DATASET EXTRACT =>
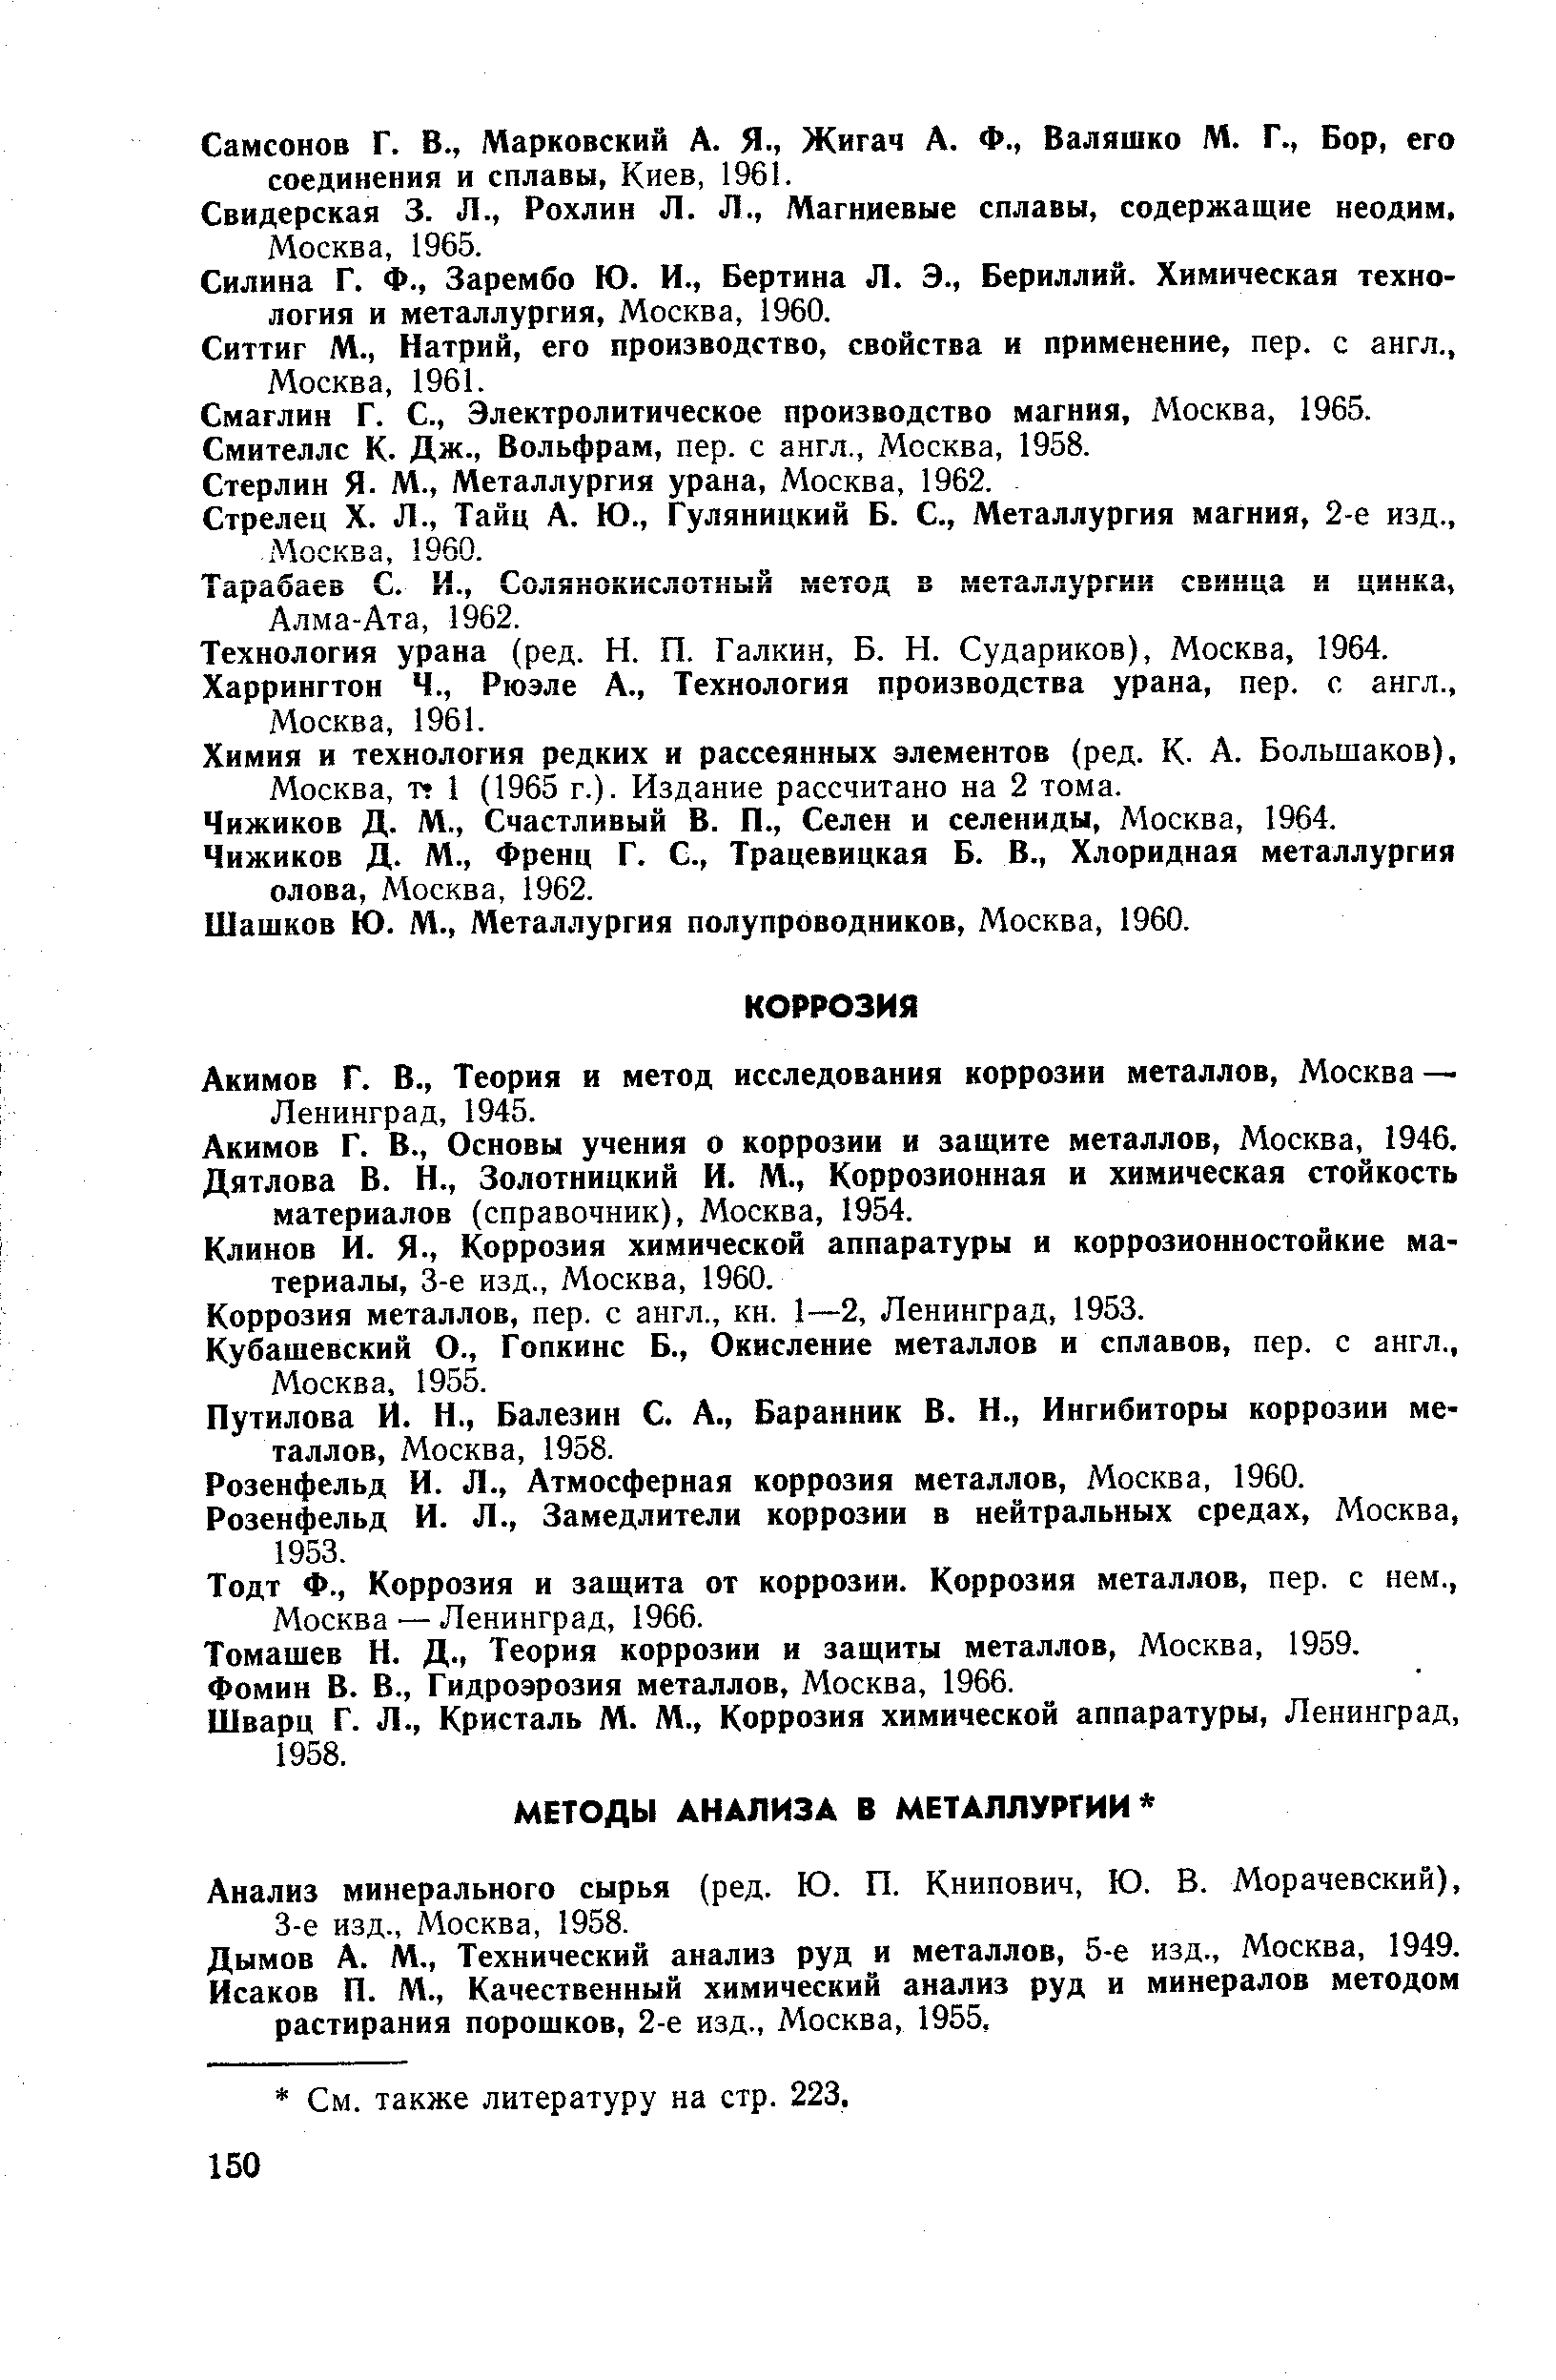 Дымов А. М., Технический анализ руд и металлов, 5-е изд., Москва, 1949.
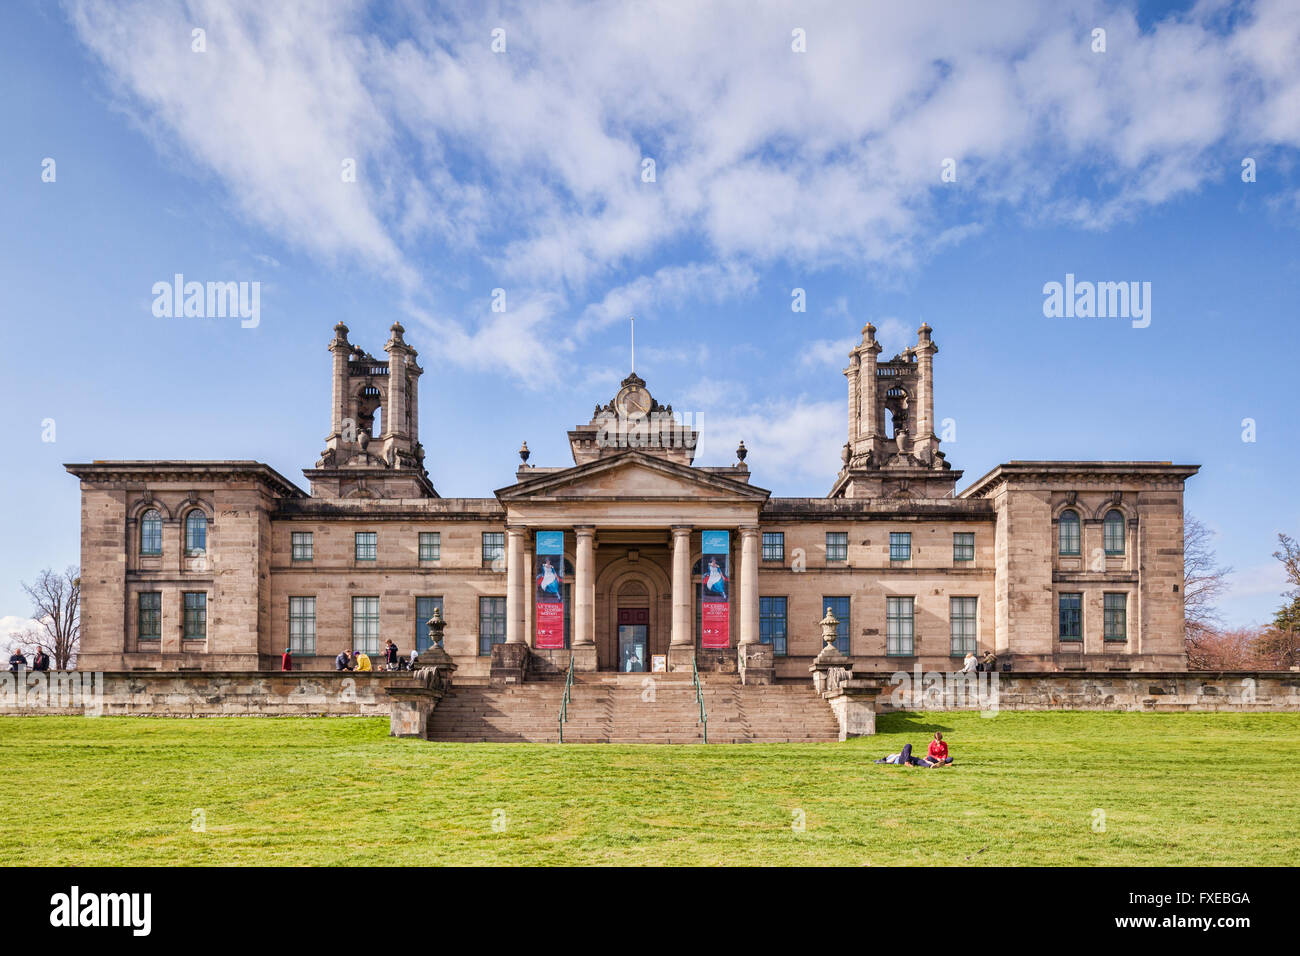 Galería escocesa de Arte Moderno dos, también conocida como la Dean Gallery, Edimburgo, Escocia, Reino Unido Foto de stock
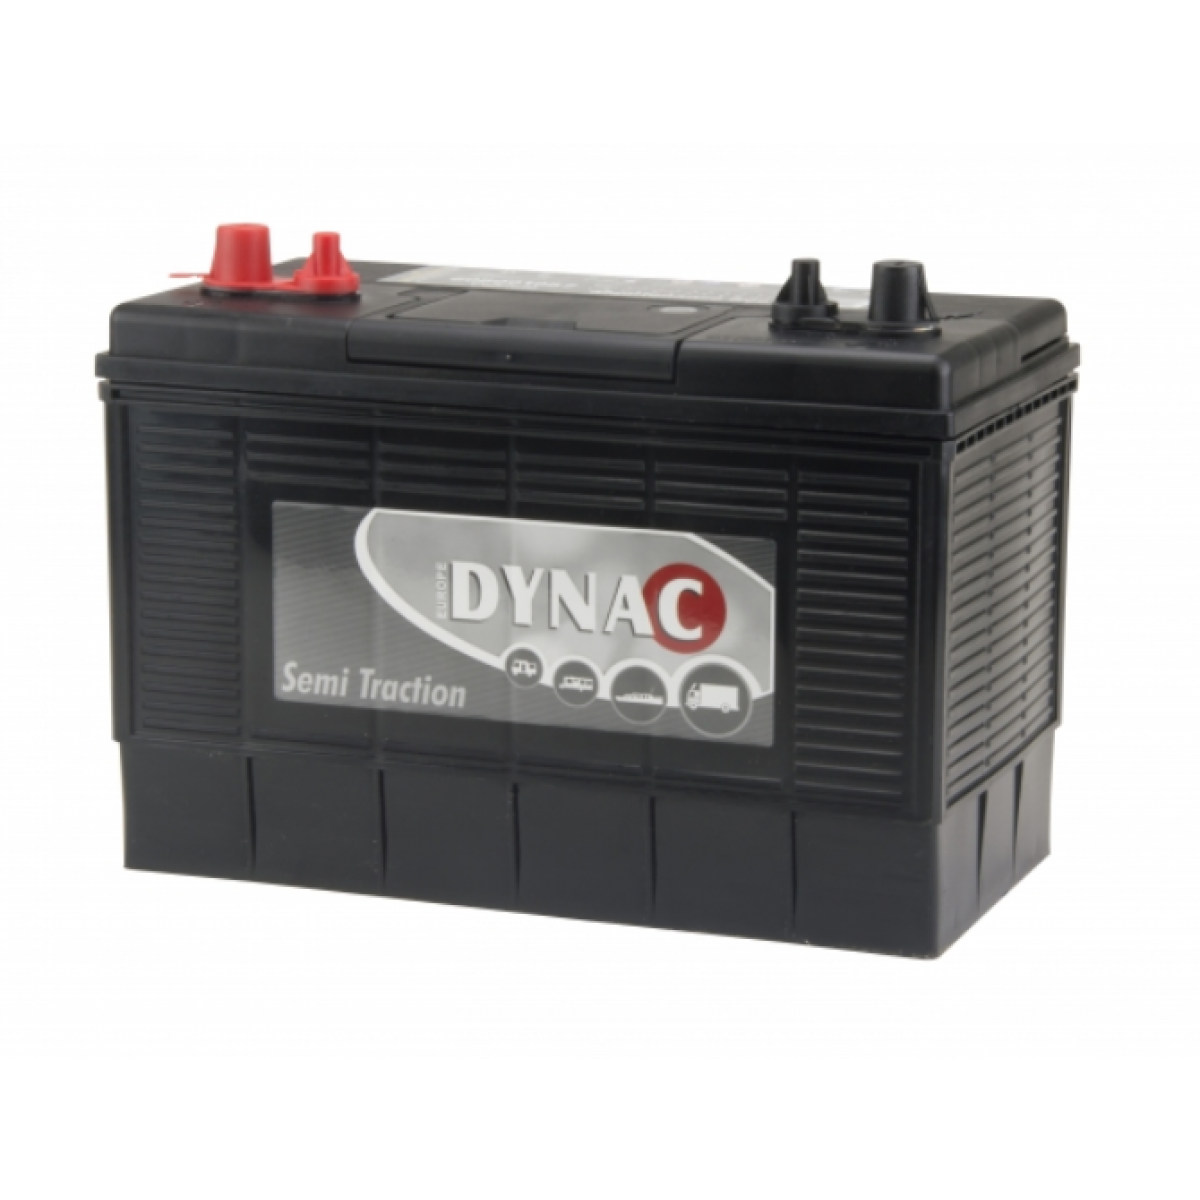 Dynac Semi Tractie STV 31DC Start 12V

ABOUT THIS TASK => Return the data above in its exact wording, with none of the pictures.

RESPONSE BOX =>
 Дымов А. М., Технический анализ руд и металлов, 5-е изд., Москва, 1949.
 Galería escocesa de Arte Moderno dos, también conocida como la Dean Gallery, Edimburgo, Escocia, Reino Unido Foto de stock
 Dynac Semi Tractie STV 31DC Start 12V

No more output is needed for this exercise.